=== Section Start ===

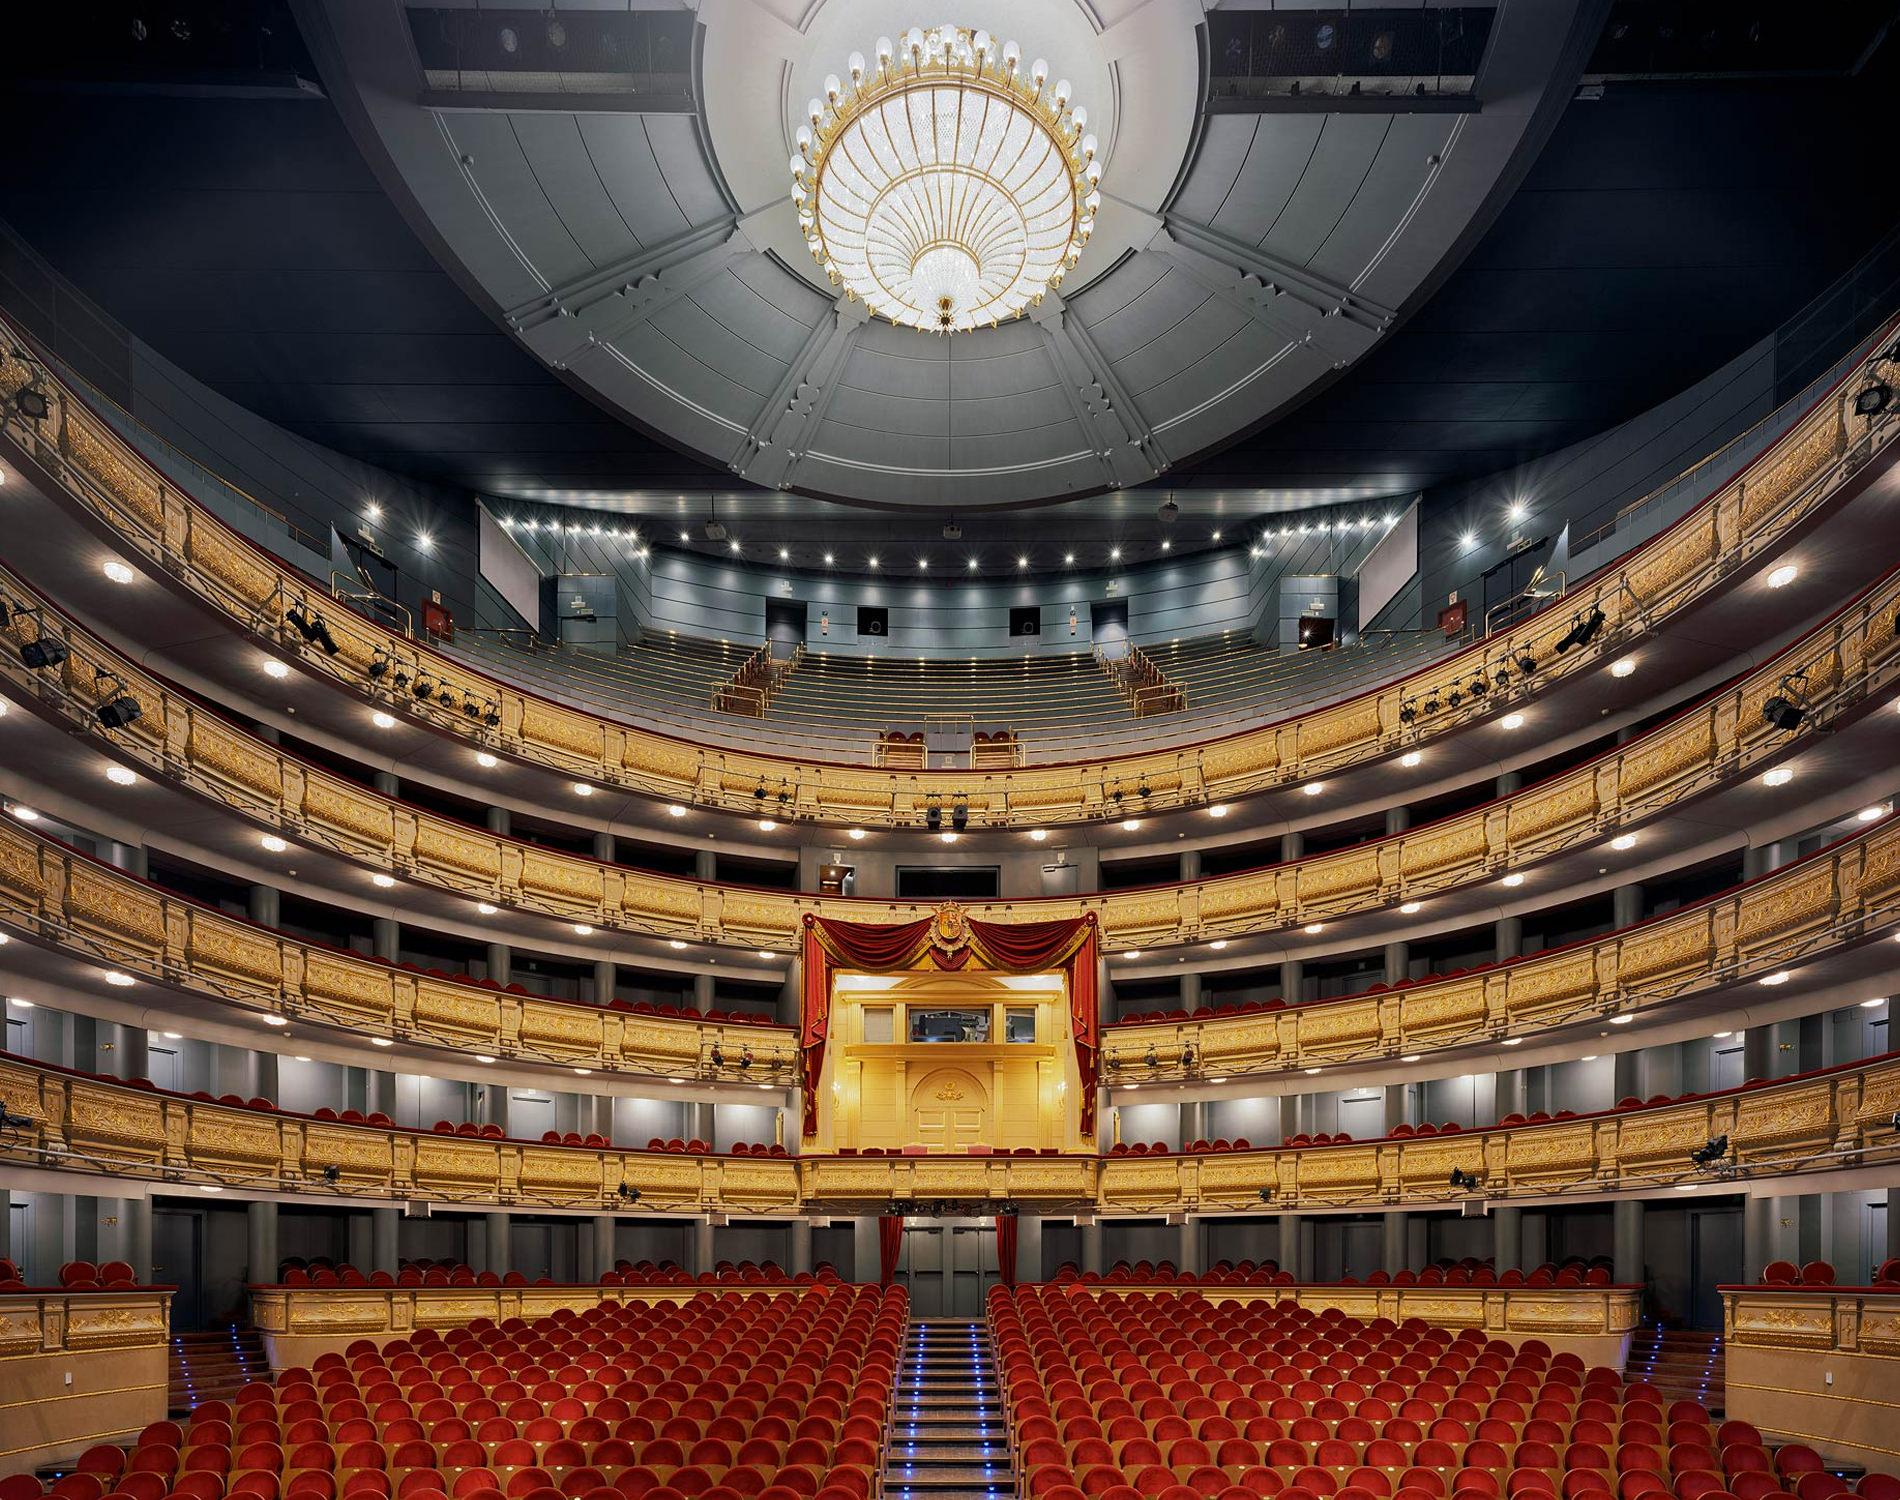 David Leventi Serie Photographie Opera Teatro Real Madrid Espagne 2009
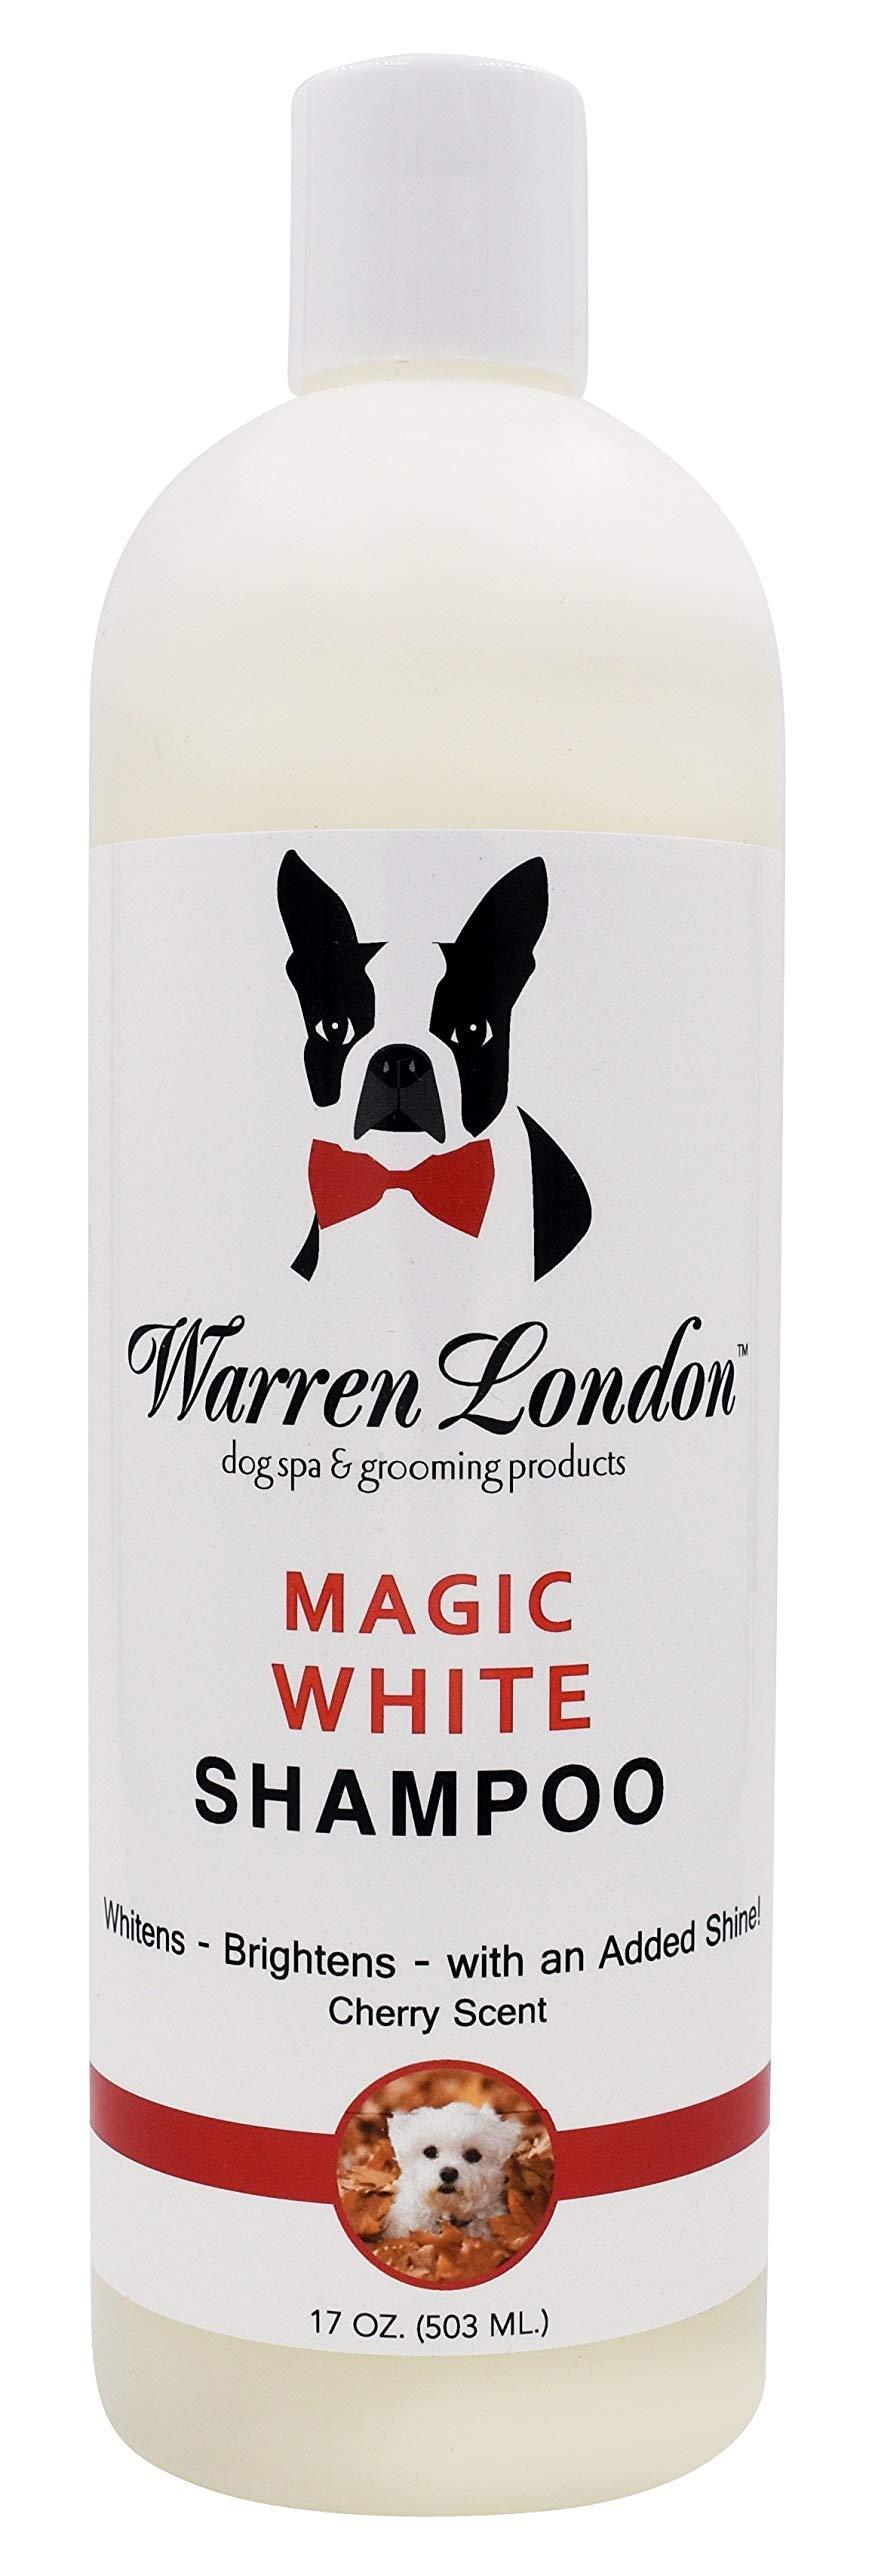 Warren London Magic White Brightening Dog Shampoo - Enhances Natural Color & Shine of All Coats - 17 oz & 1 Gallon
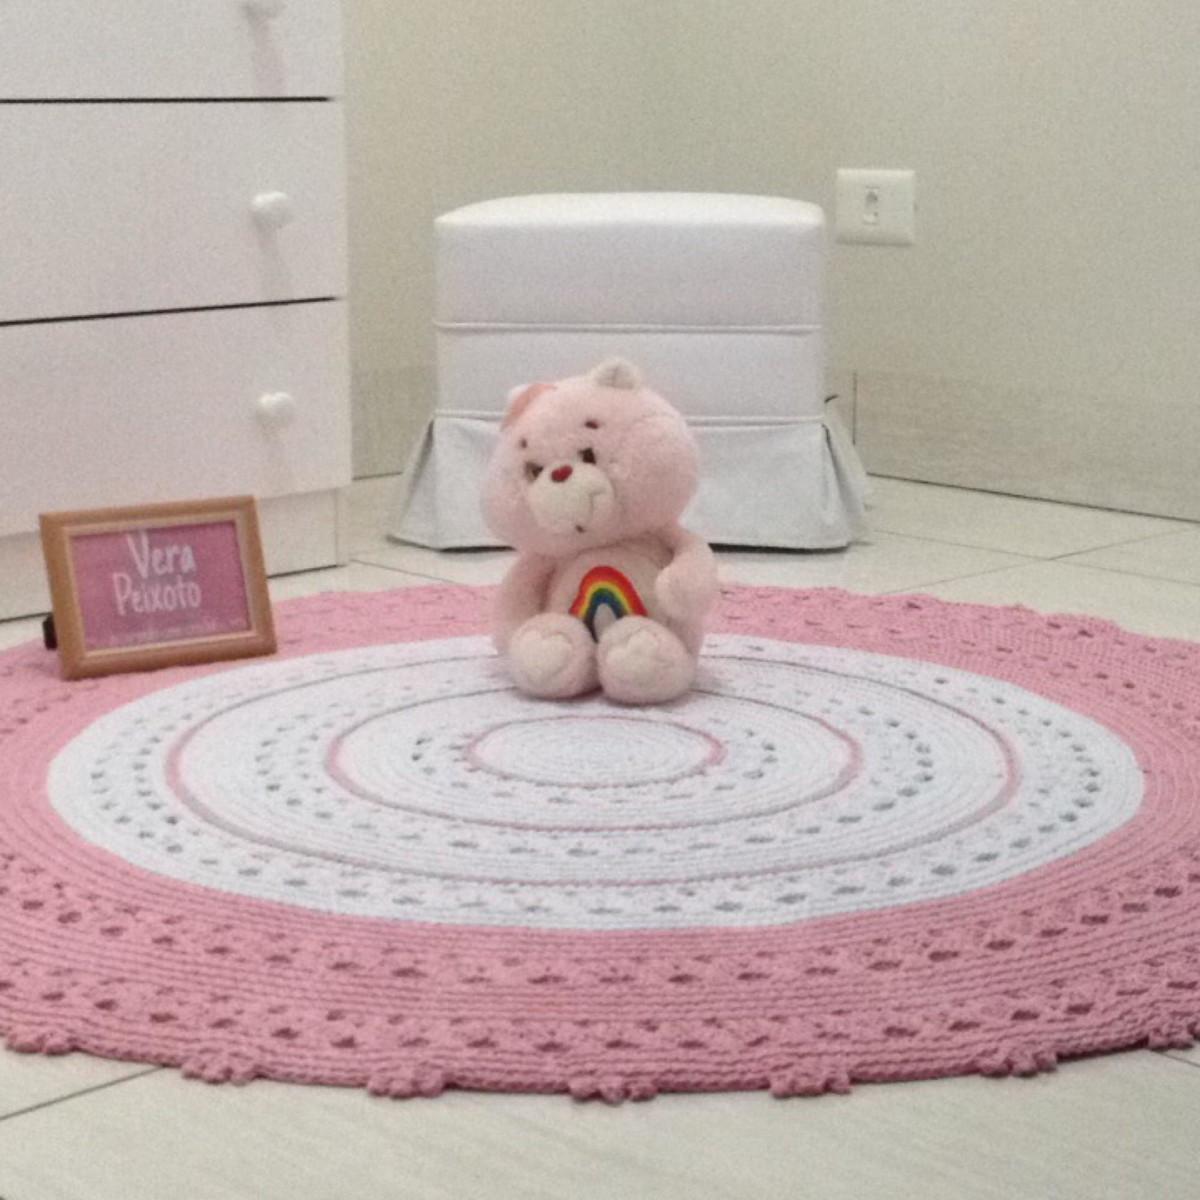 tapete de croch redondo branco e rosa beb nina no elo7 ateli vera peixoto 92505a. Black Bedroom Furniture Sets. Home Design Ideas

=== Section End ===

• **Task details**
Write out every line of the listing exactly as written, and leave the pictures out.

• **Output below**
 David Leventi Serie Photographie Opera Teatro Real Madrid Espagne 2009
 Warren London Magic White Brightening Dog Shampoo - Enhances Natural Color & Shine of All Coats - 17 oz & 1 Gallon
 tapete de croch redondo branco e rosa beb nina no elo7 ateli vera peixoto 92505a. Black Bedroom Furniture Sets. Home Design Ideas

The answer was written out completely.